Task instructions → Given the entries below, would you transcribe exactly the lines starting at the one with "GF Ferre Elegant Brown Leather Fashion Belt" and ending at the one with "Muhamed Husein Fadlallah", both kept, pictures omitted, nothing extra?

Listed entries →
····················

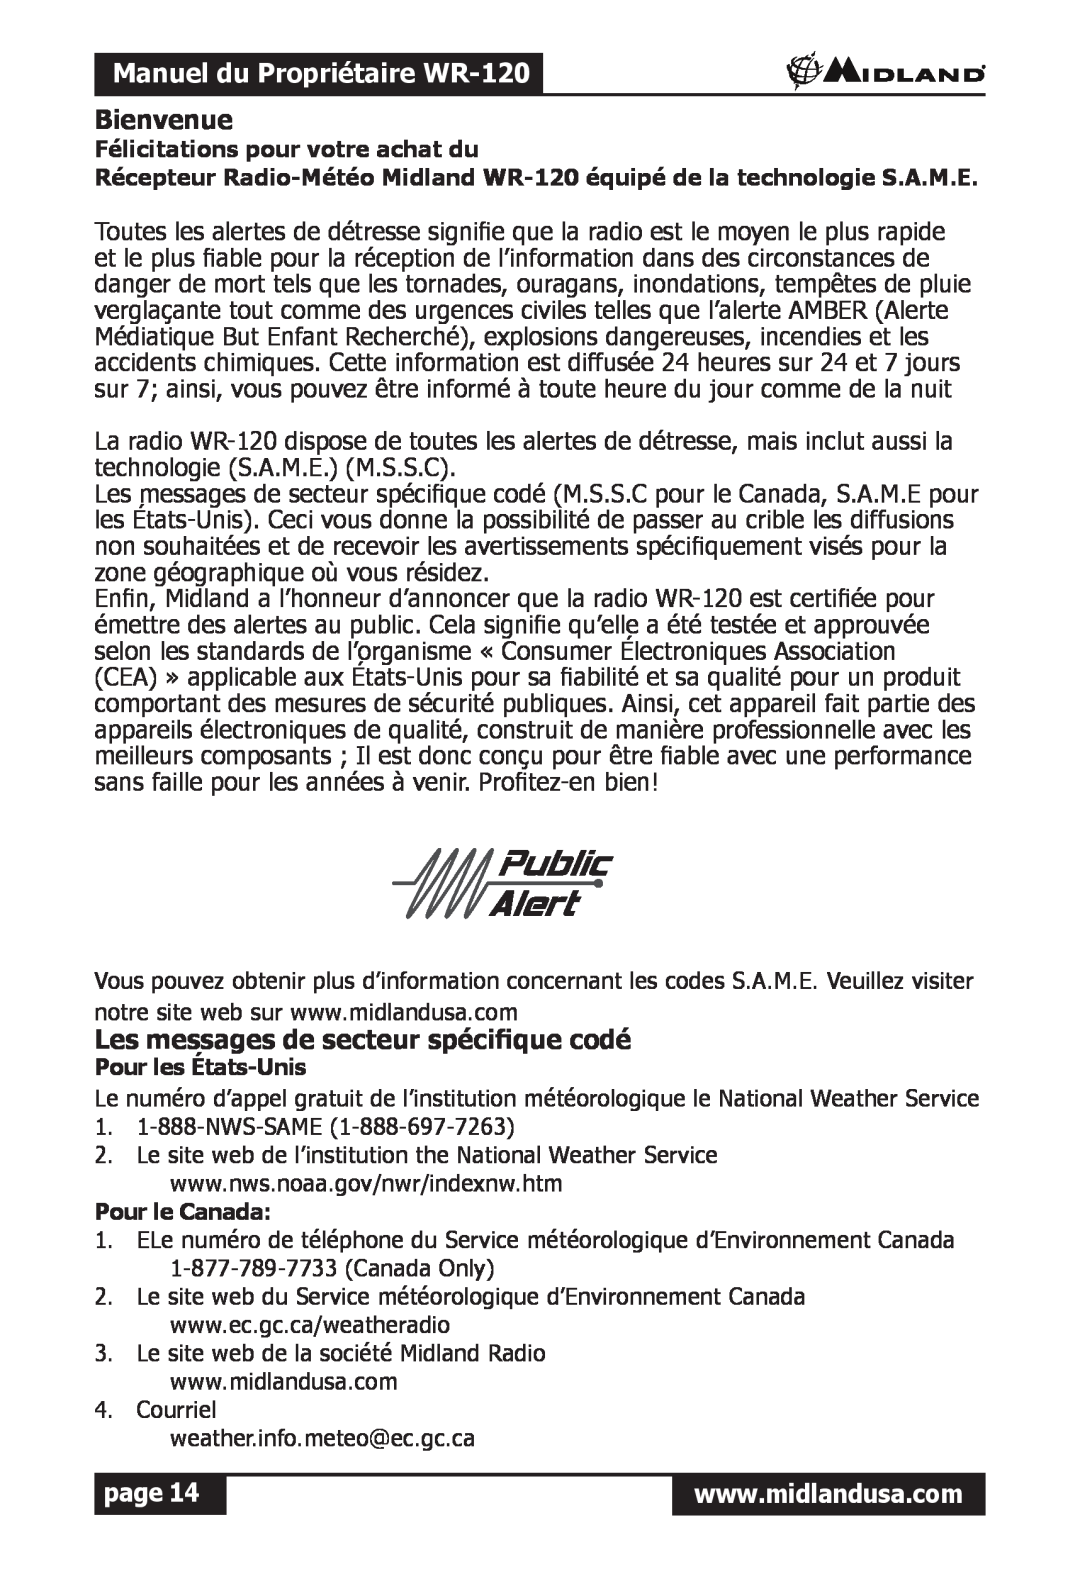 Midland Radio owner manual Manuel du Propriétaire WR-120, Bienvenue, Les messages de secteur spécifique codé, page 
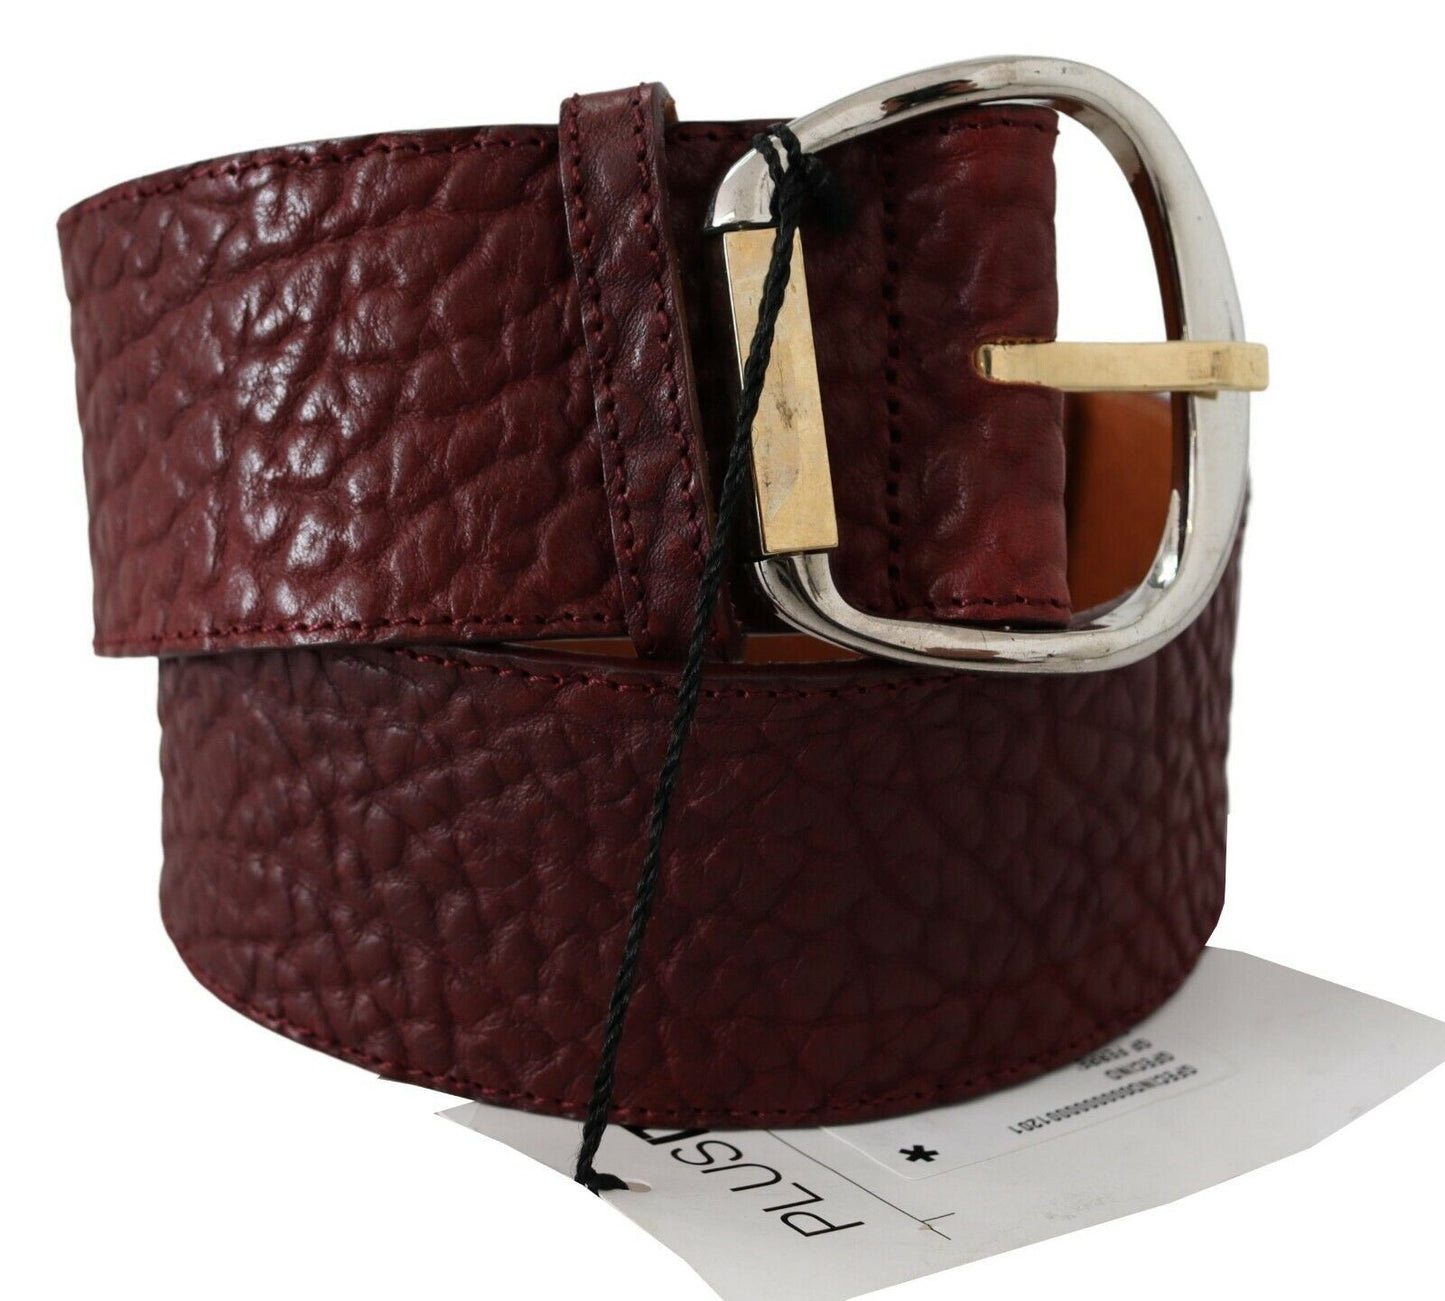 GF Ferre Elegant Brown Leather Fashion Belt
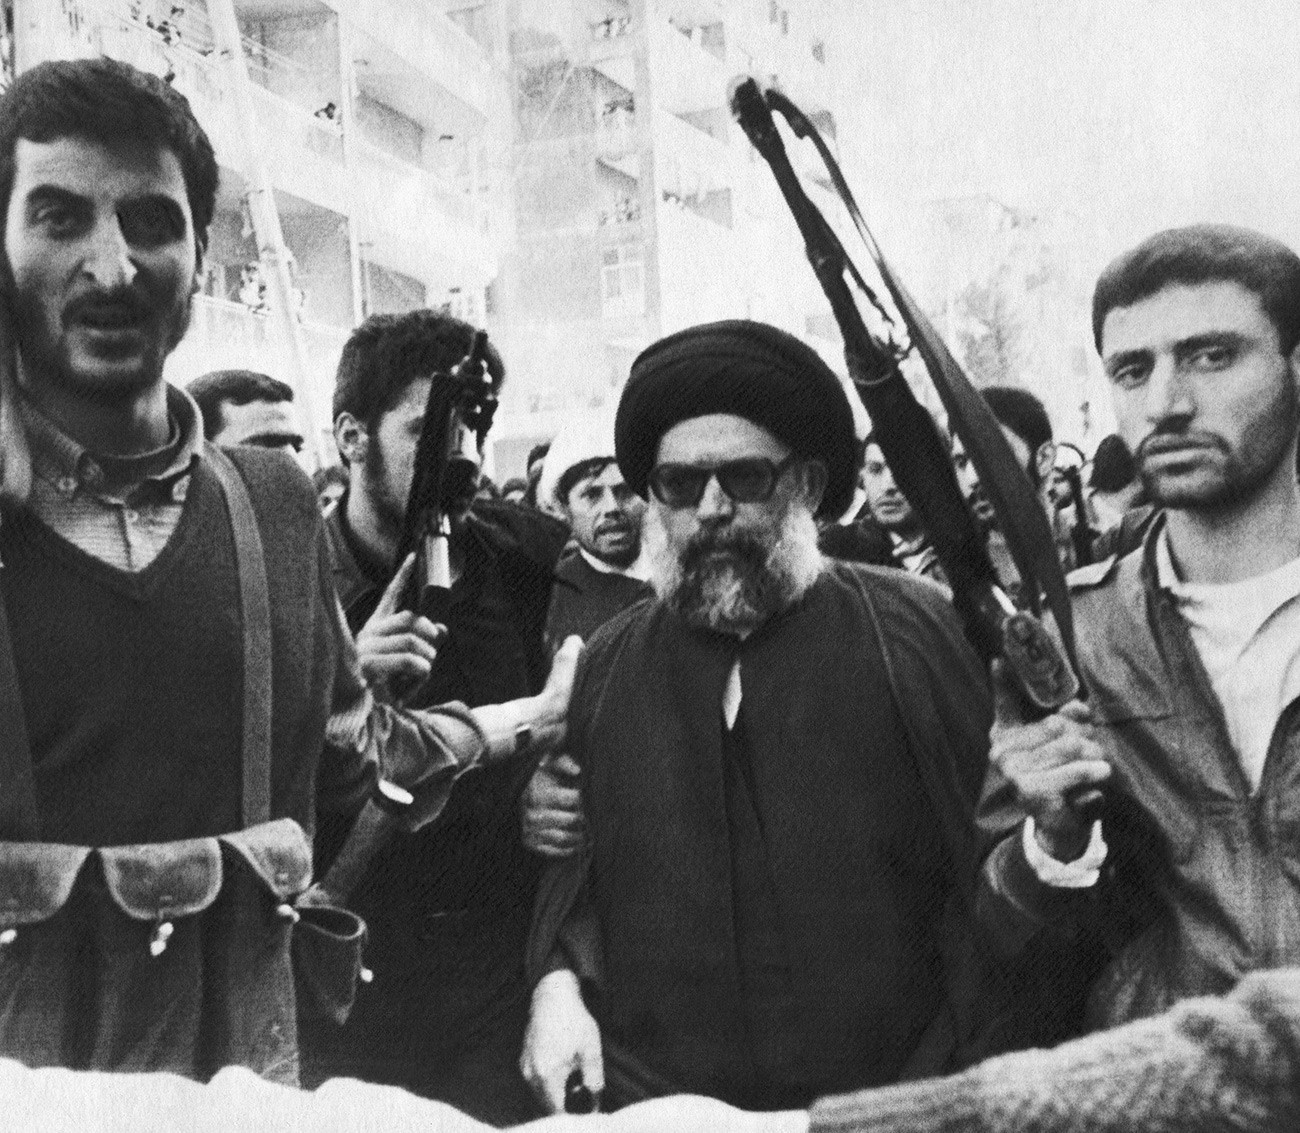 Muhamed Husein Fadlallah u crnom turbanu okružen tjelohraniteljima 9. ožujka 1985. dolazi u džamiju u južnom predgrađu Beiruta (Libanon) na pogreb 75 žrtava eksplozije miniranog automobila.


····················

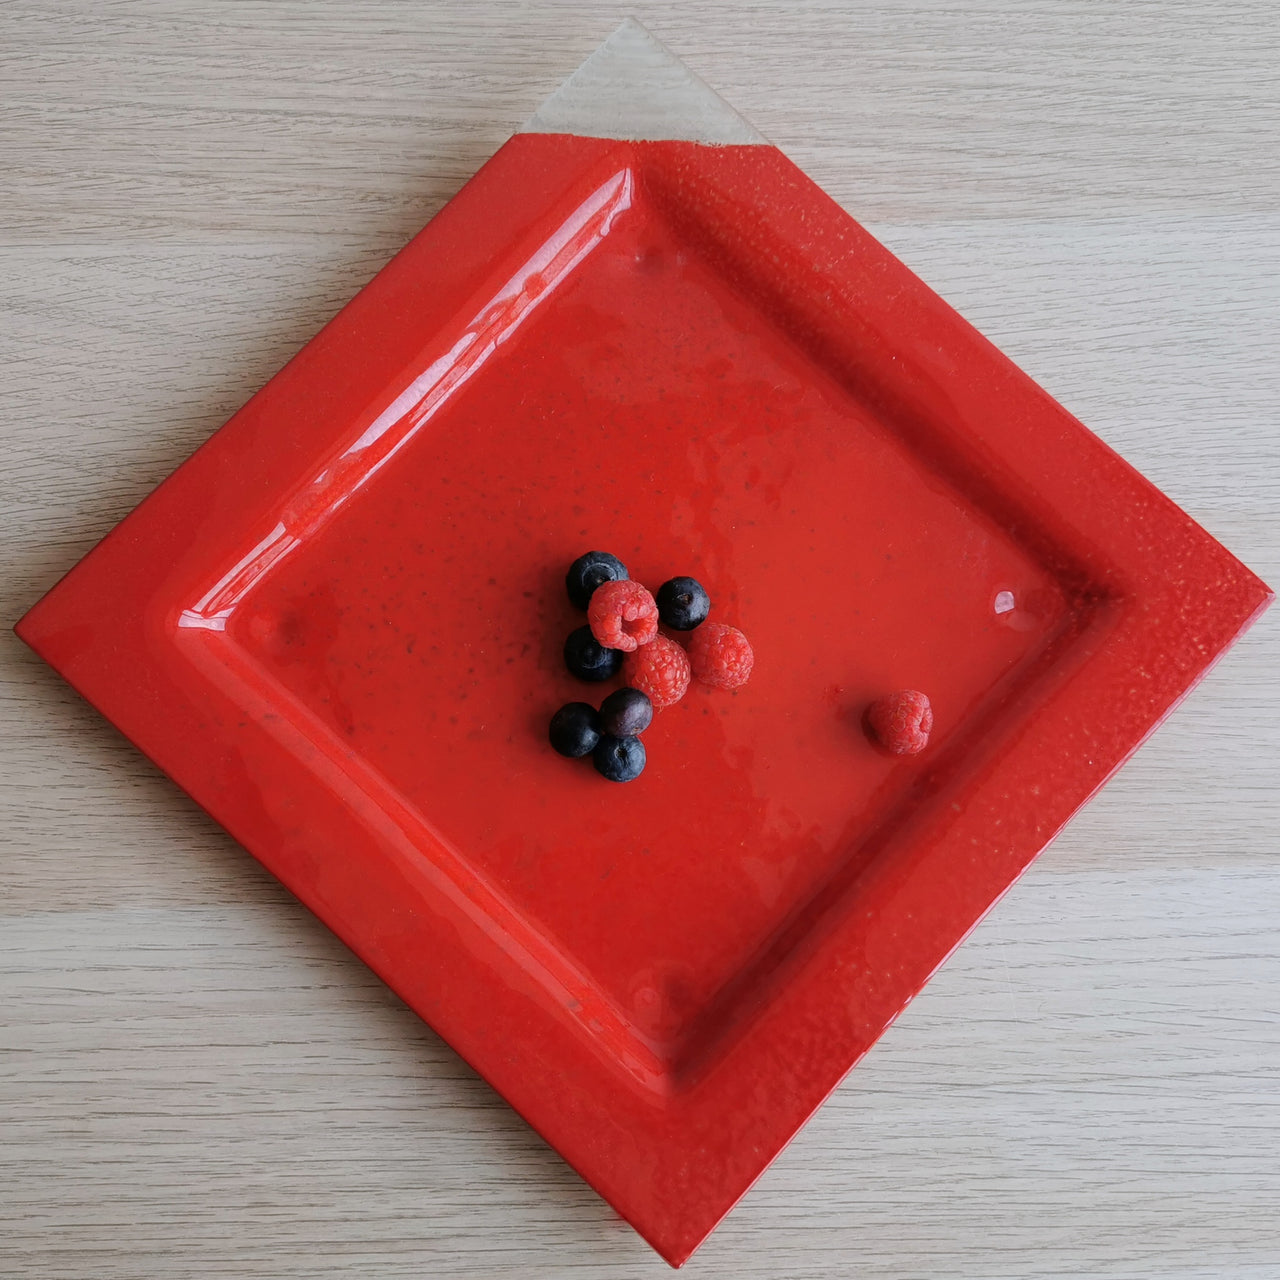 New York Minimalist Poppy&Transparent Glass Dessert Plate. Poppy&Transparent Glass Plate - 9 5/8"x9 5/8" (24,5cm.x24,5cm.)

····················

Task answer →
 GF Ferre Elegant Brown Leather Fashion Belt
 Muhamed Husein Fadlallah u crnom turbanu okružen tjelohraniteljima 9. ožujka 1985. dolazi u džamiju u južnom predgrađu Beiruta (Libanon) na pogreb 75 žrtava eksplozije miniranog automobila.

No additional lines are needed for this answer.